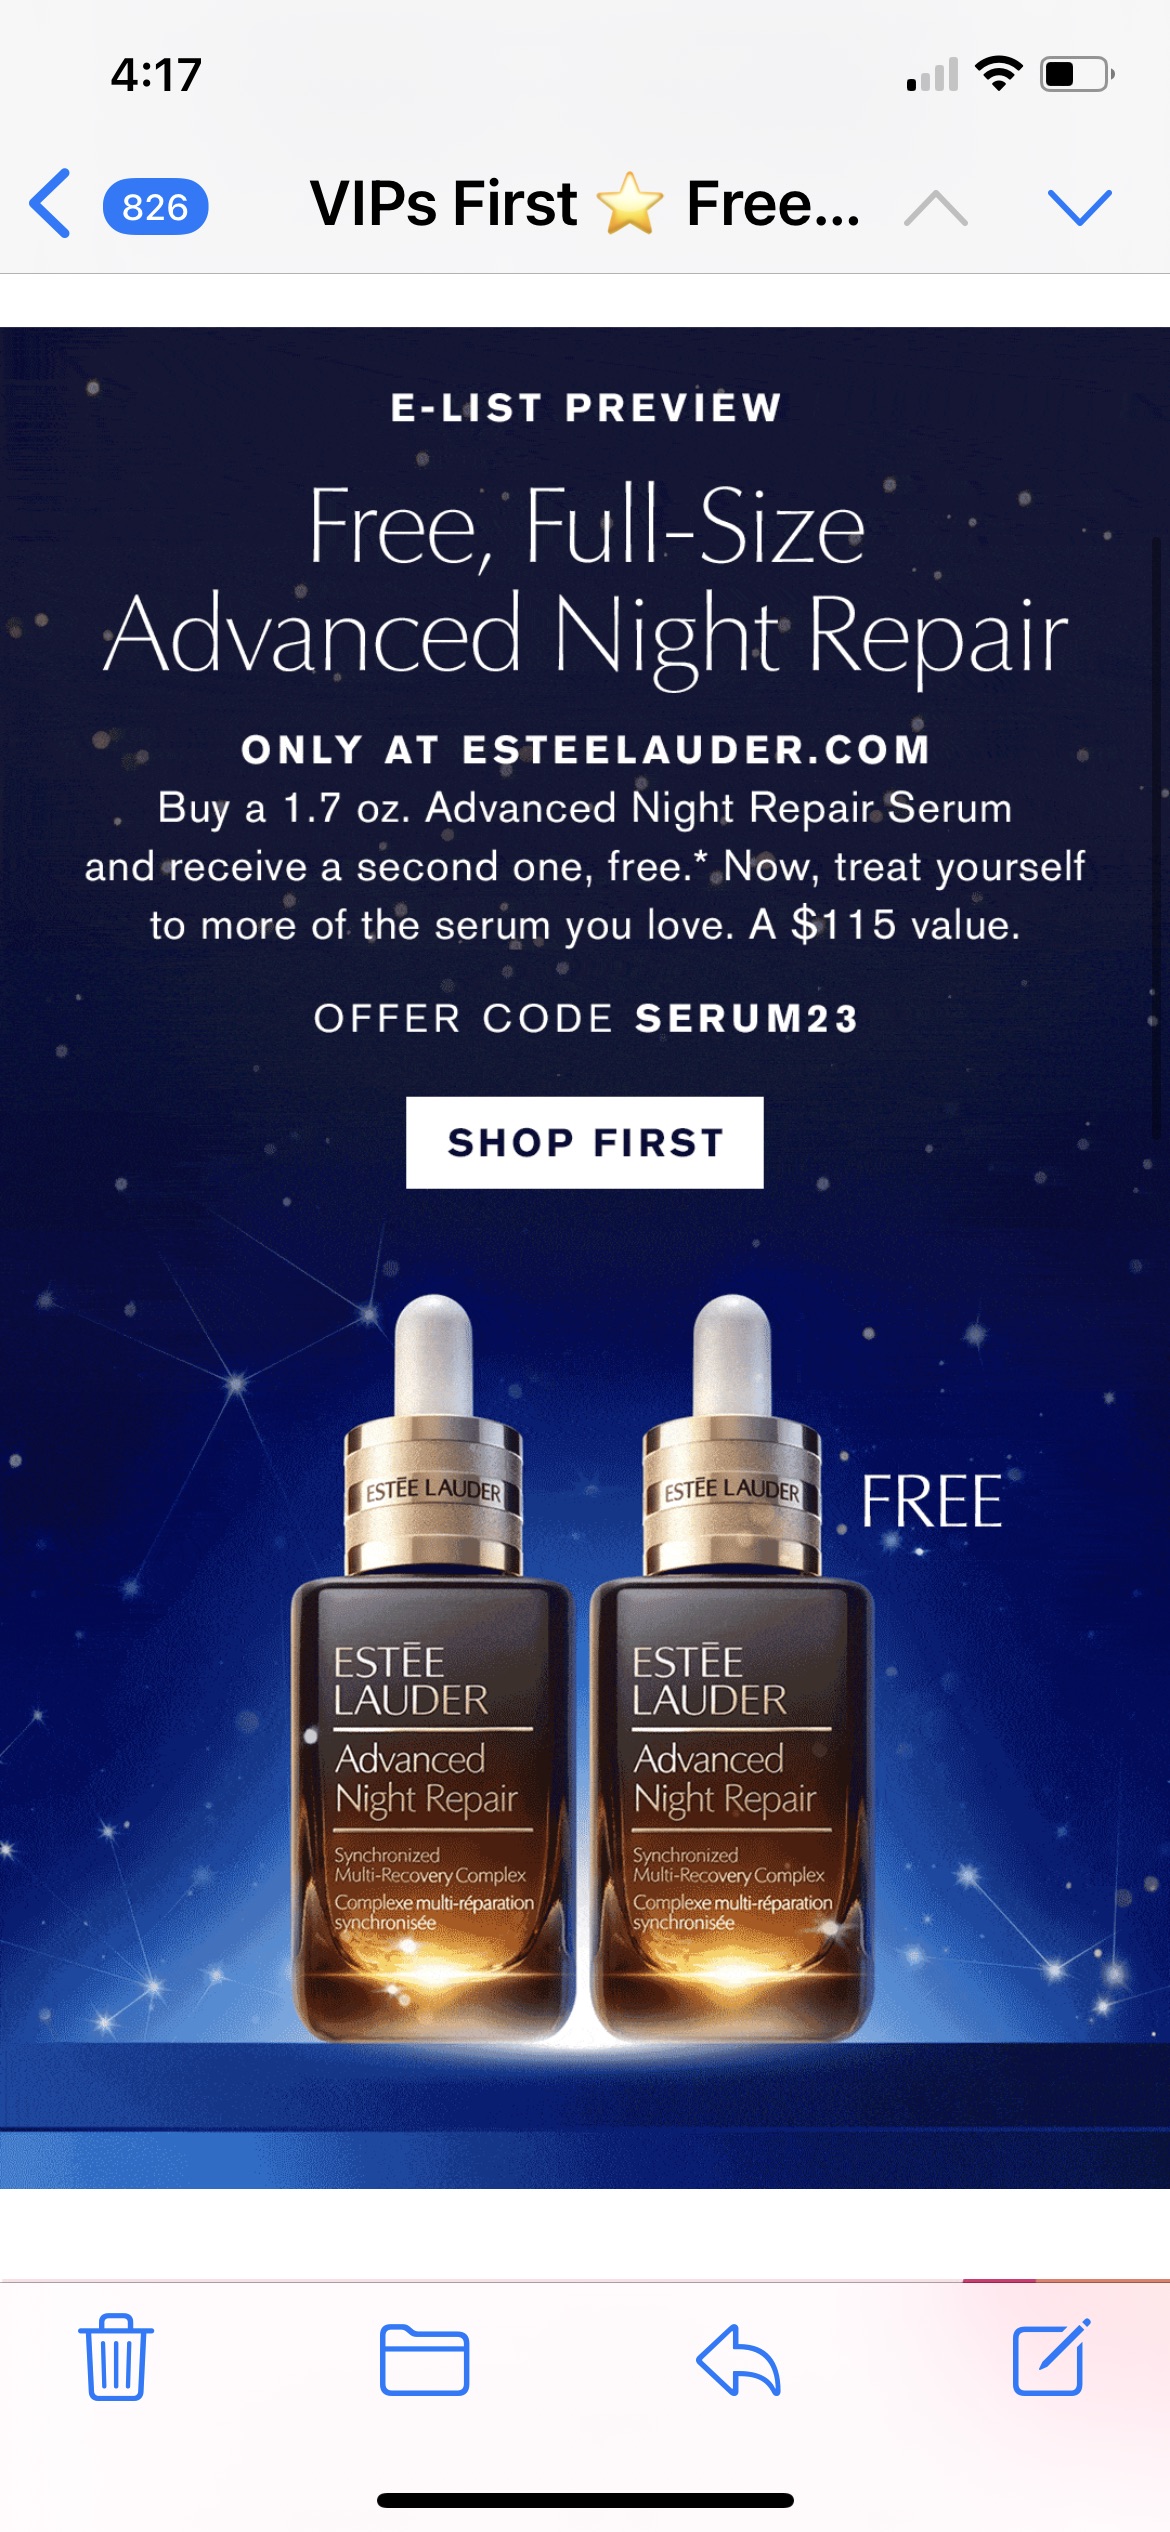 buy a 1.7oz Advanced Night Repair Serum receive second one free，还可叠加首单15%off
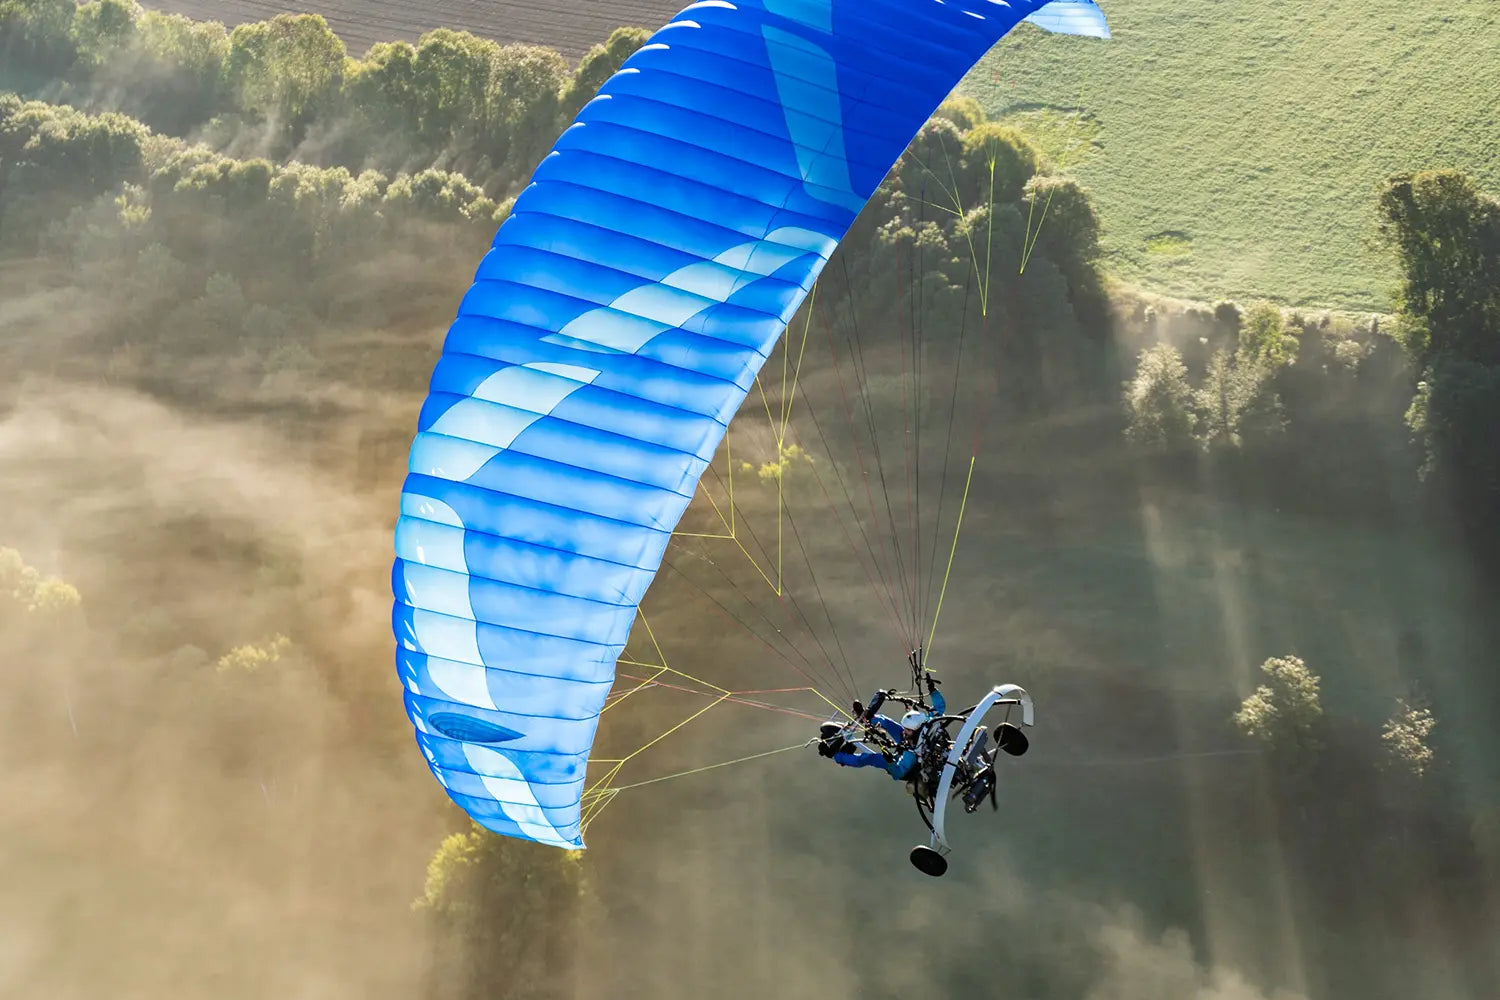 Where to Buy Paragliding Gear in Australia
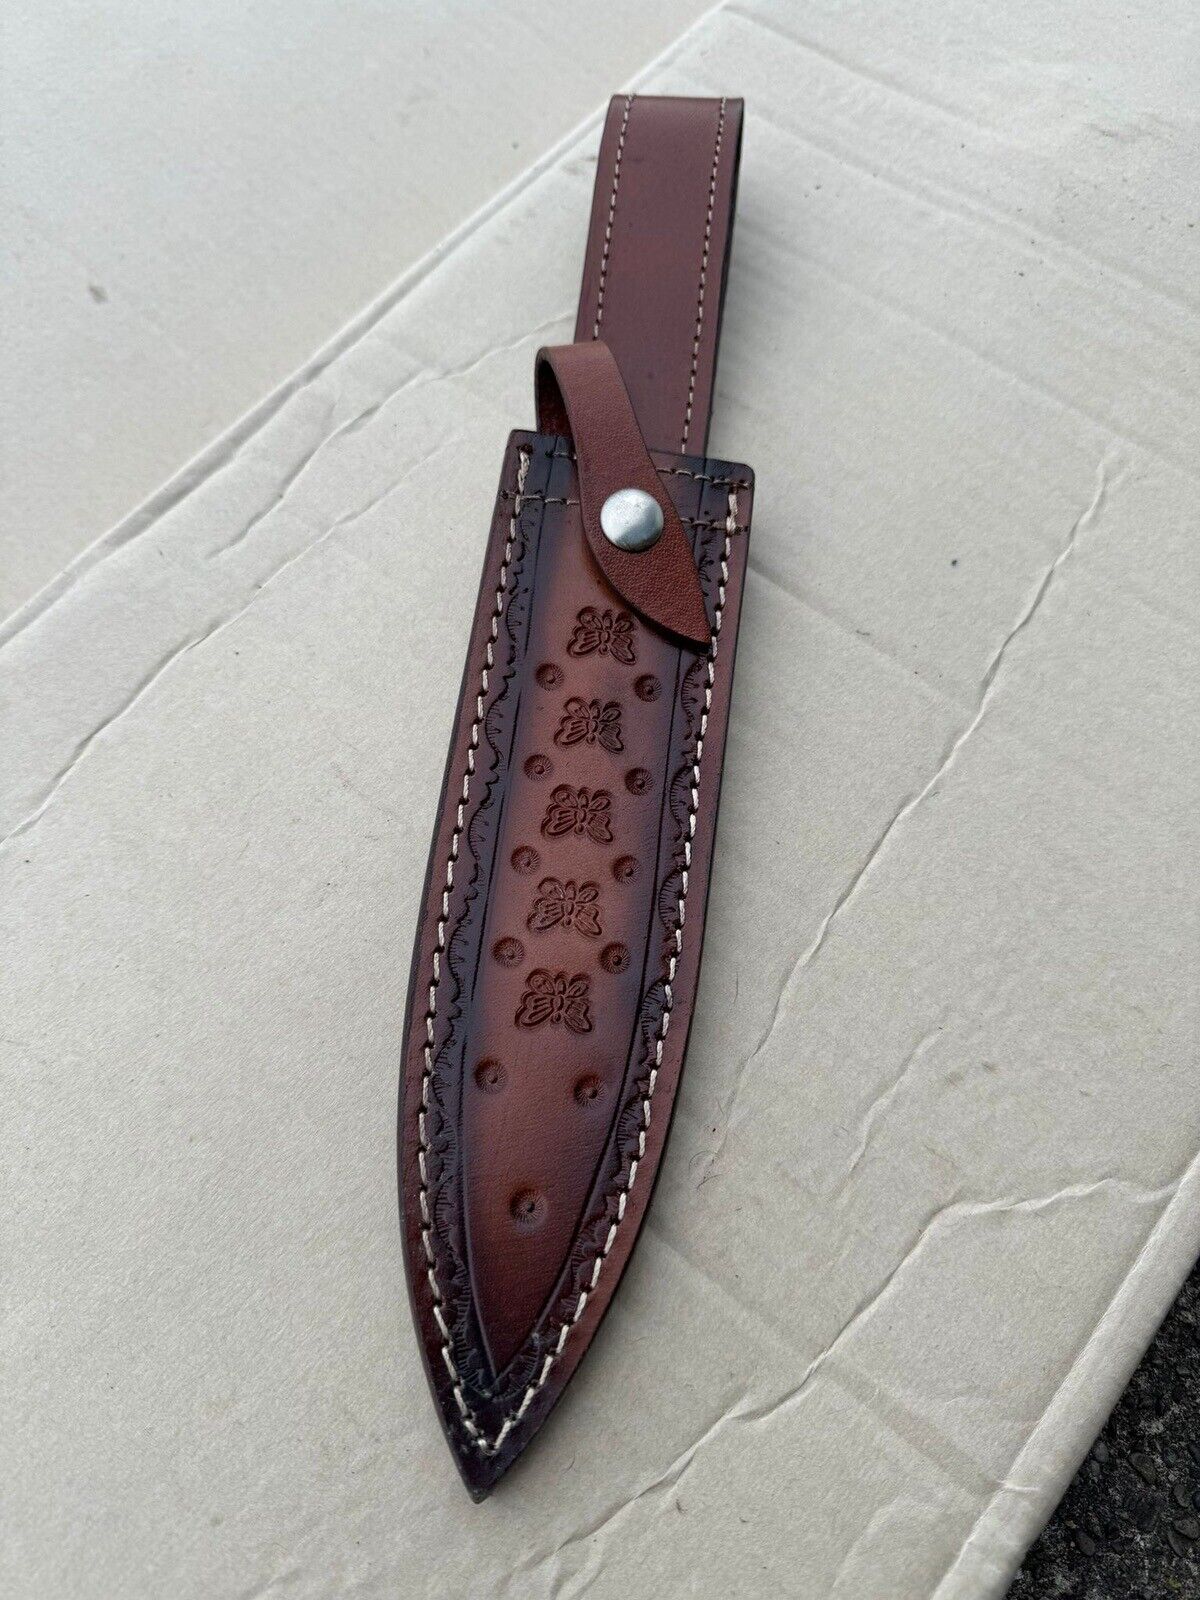 Handmade Premium Leather Sheath, 14 inch overall. Holds 9 inch blades.
********
[DIRECTIONS FOR THIS TASK]
Print out the material verbatim, skipping pictures.

[SOLUTION TO THE EXERCISE]
 buy a 1.7oz Advanced Night Repair Serum receive second one free，还可叠加首单15%off
 Where to Buy Paragliding Gear in Australia
 Handmade Premium Leather Sheath, 14 inch overall. Holds 9 inch blades.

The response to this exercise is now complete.